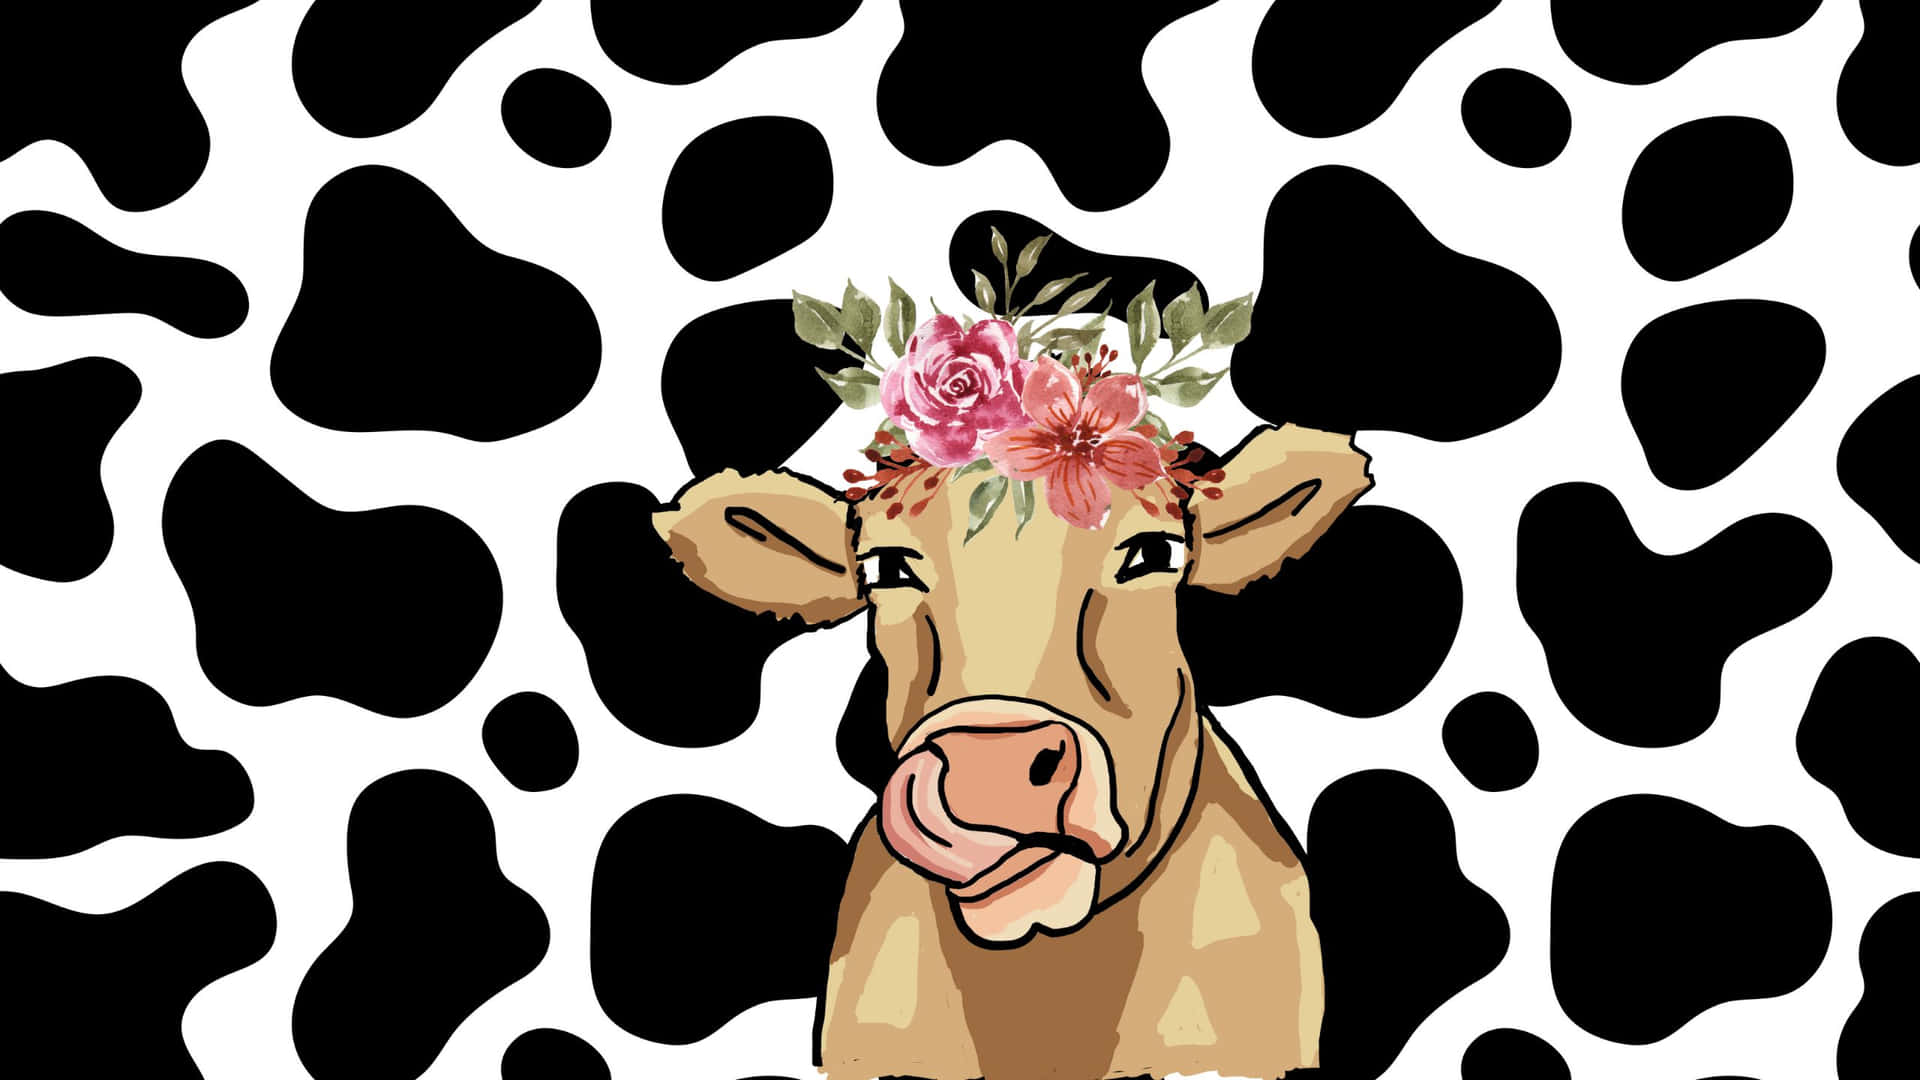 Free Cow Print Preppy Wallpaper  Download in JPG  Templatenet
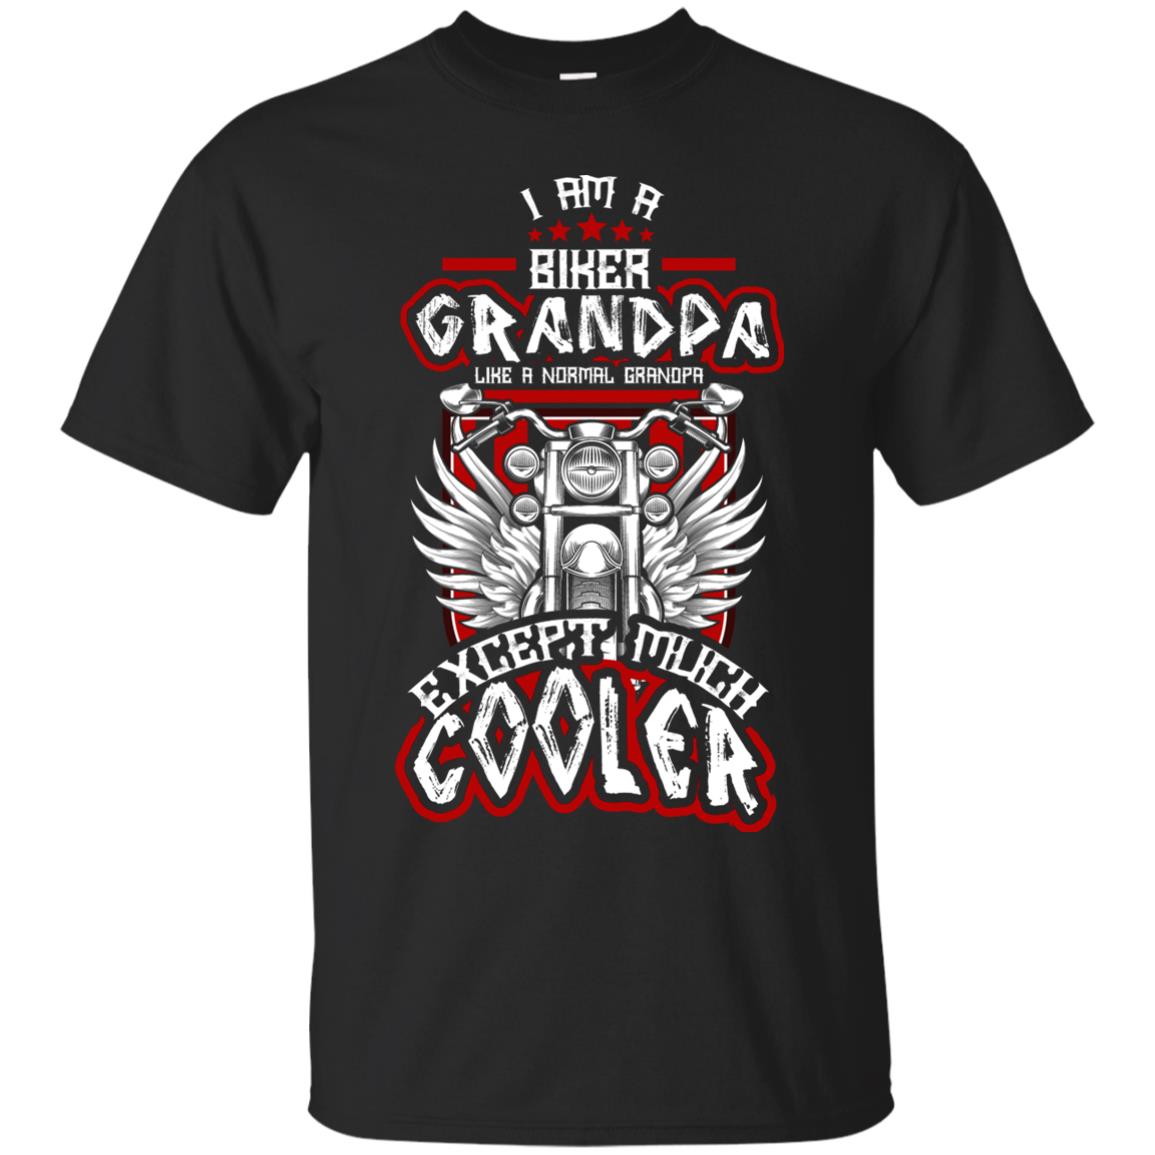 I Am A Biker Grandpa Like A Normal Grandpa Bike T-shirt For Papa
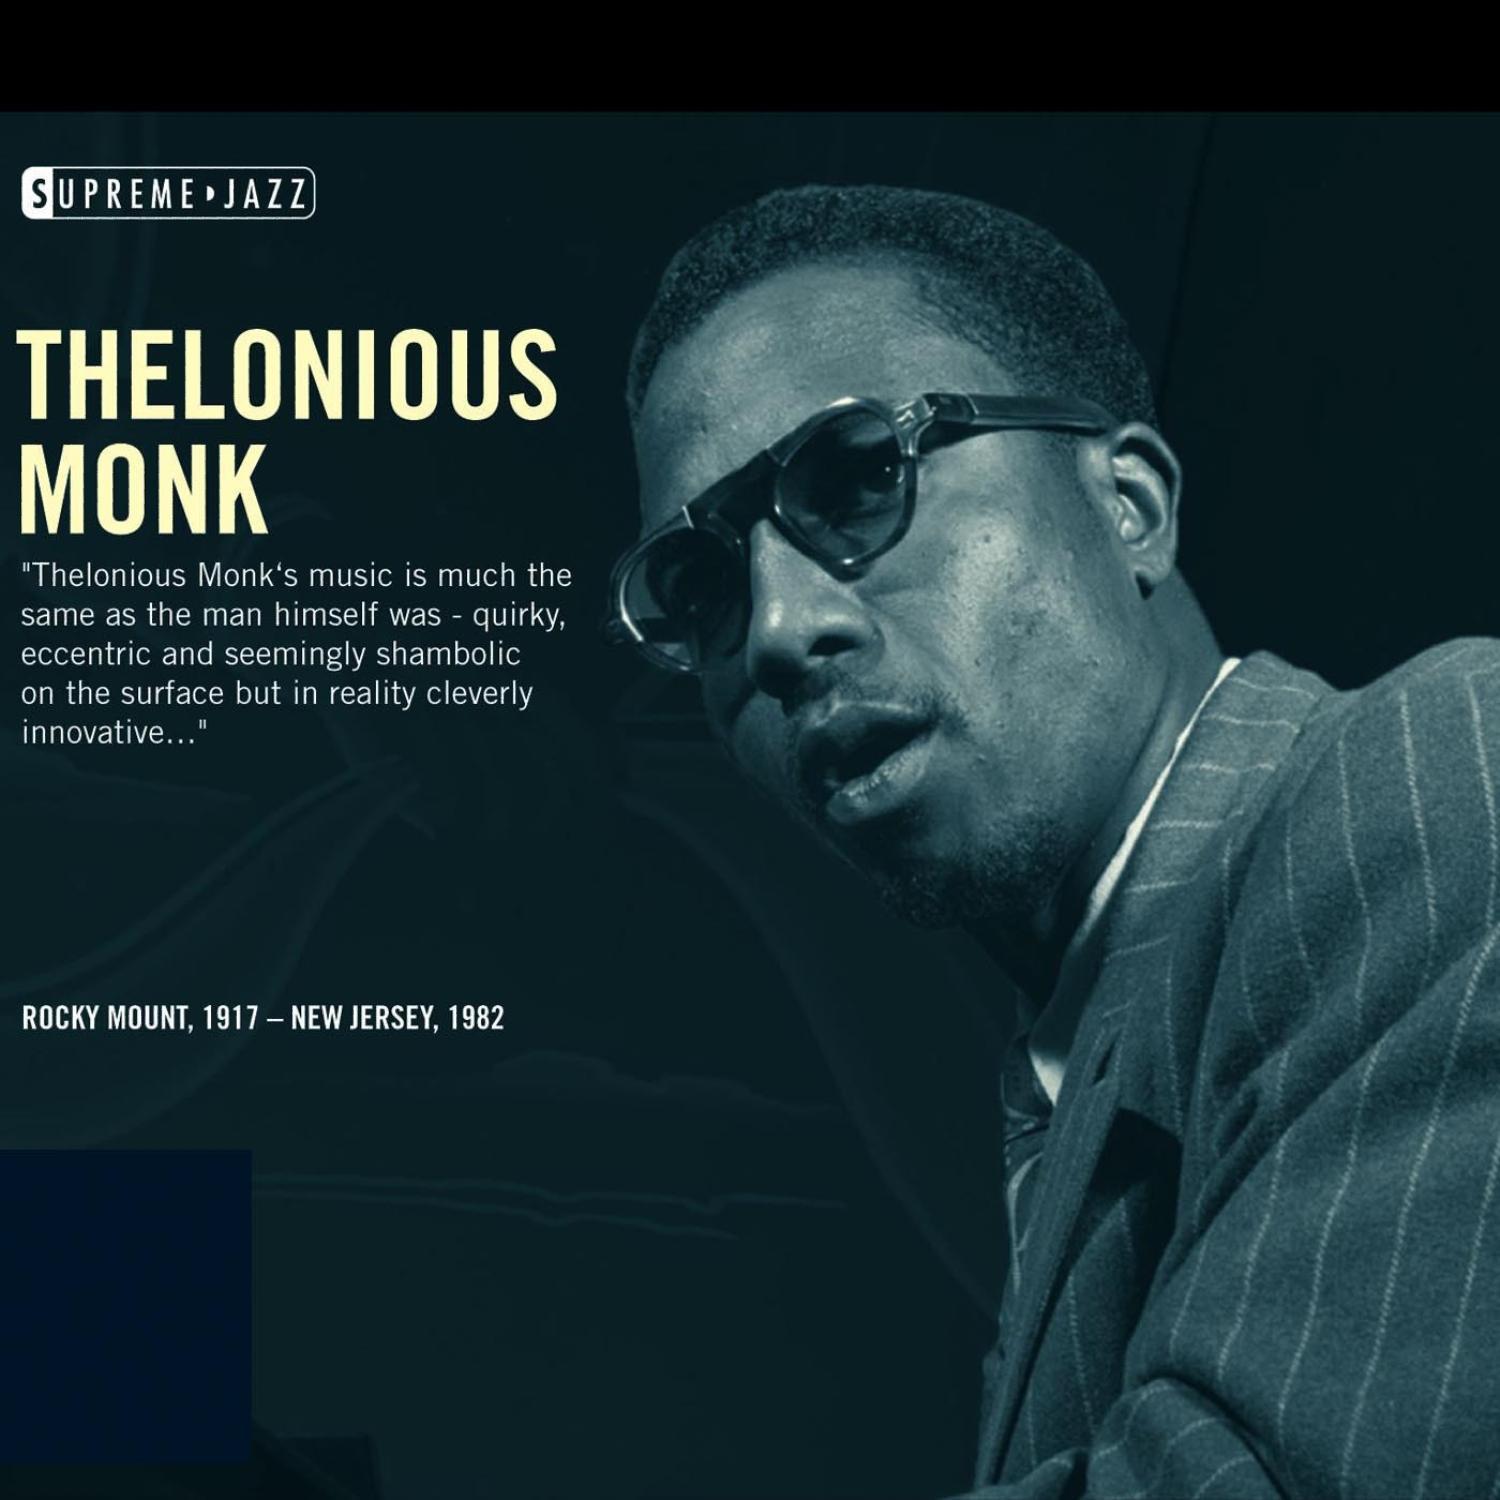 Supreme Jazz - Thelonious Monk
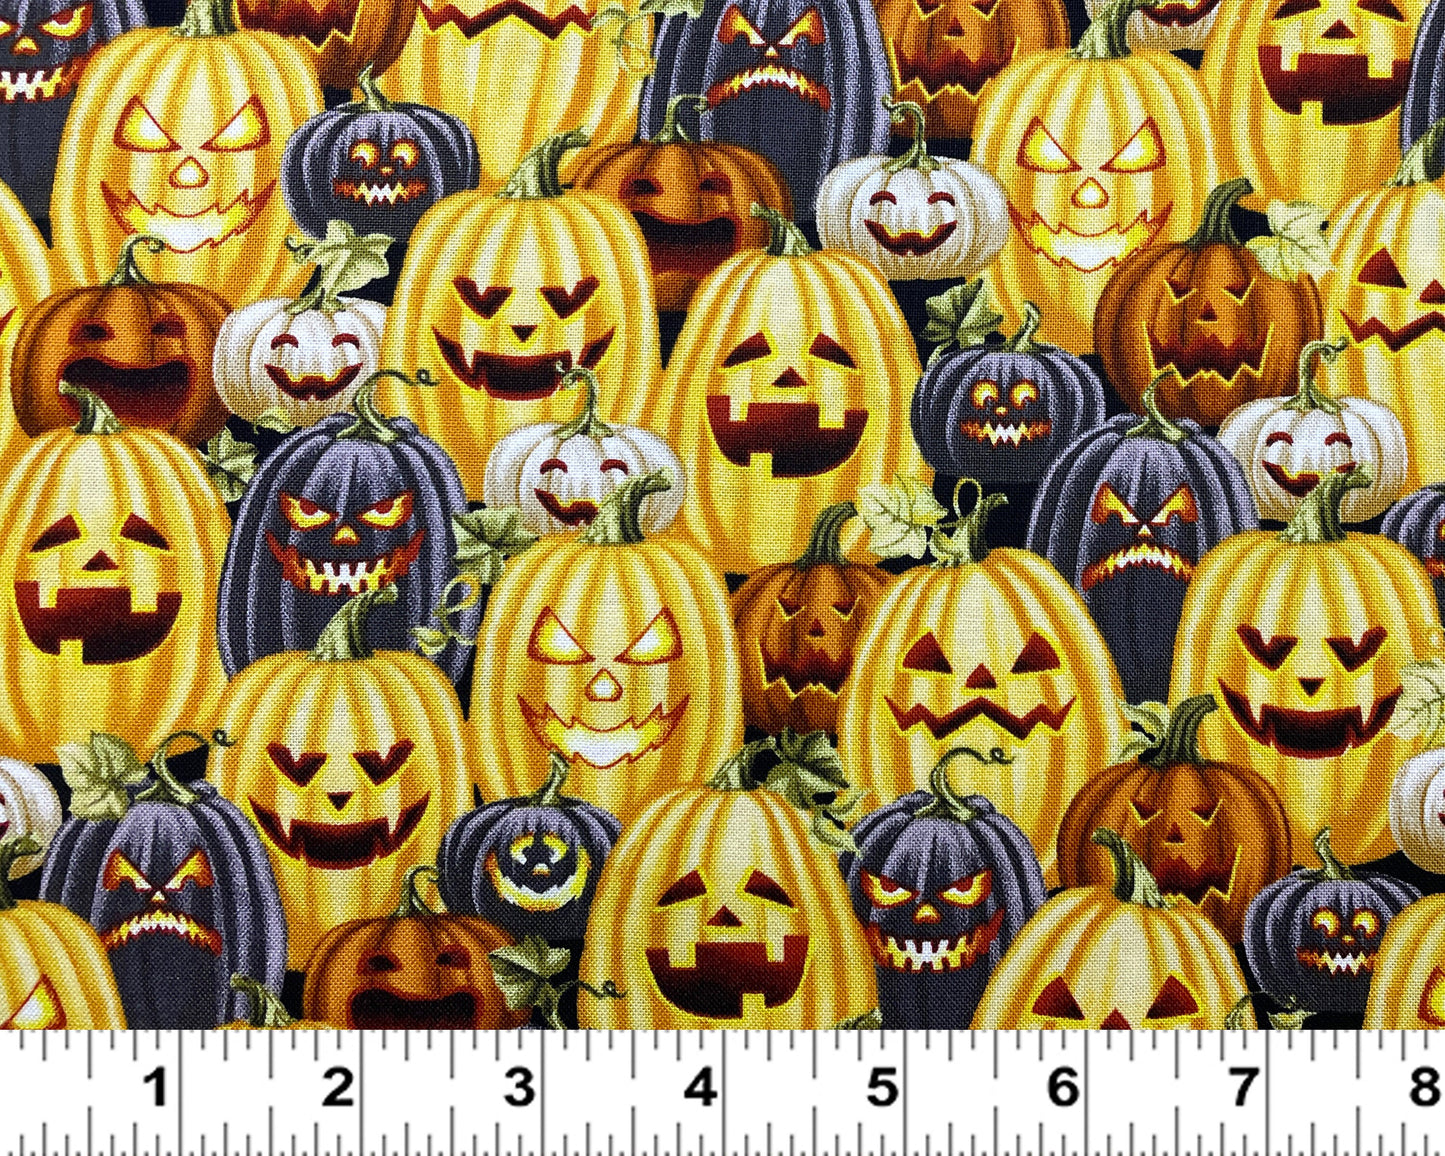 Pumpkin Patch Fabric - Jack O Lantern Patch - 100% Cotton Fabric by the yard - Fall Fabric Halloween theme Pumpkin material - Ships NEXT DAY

BRIEF: Output the listing above in full, exactly. No images.

RESPONSE TO THIS EXERCISE:
 Free Cow Print Preppy Wallpaper  Download in JPG  Templatenet
 I Am A Biker Grandpa Like A Normal Grandpa Bike T-shirt For Papa
 Supreme Jazz - Thelonious Monk
 Pumpkin Patch Fabric - Jack O Lantern Patch - 100% Cotton Fabric by the yard - Fall Fabric Halloween theme Pumpkin material - Ships NEXT DAY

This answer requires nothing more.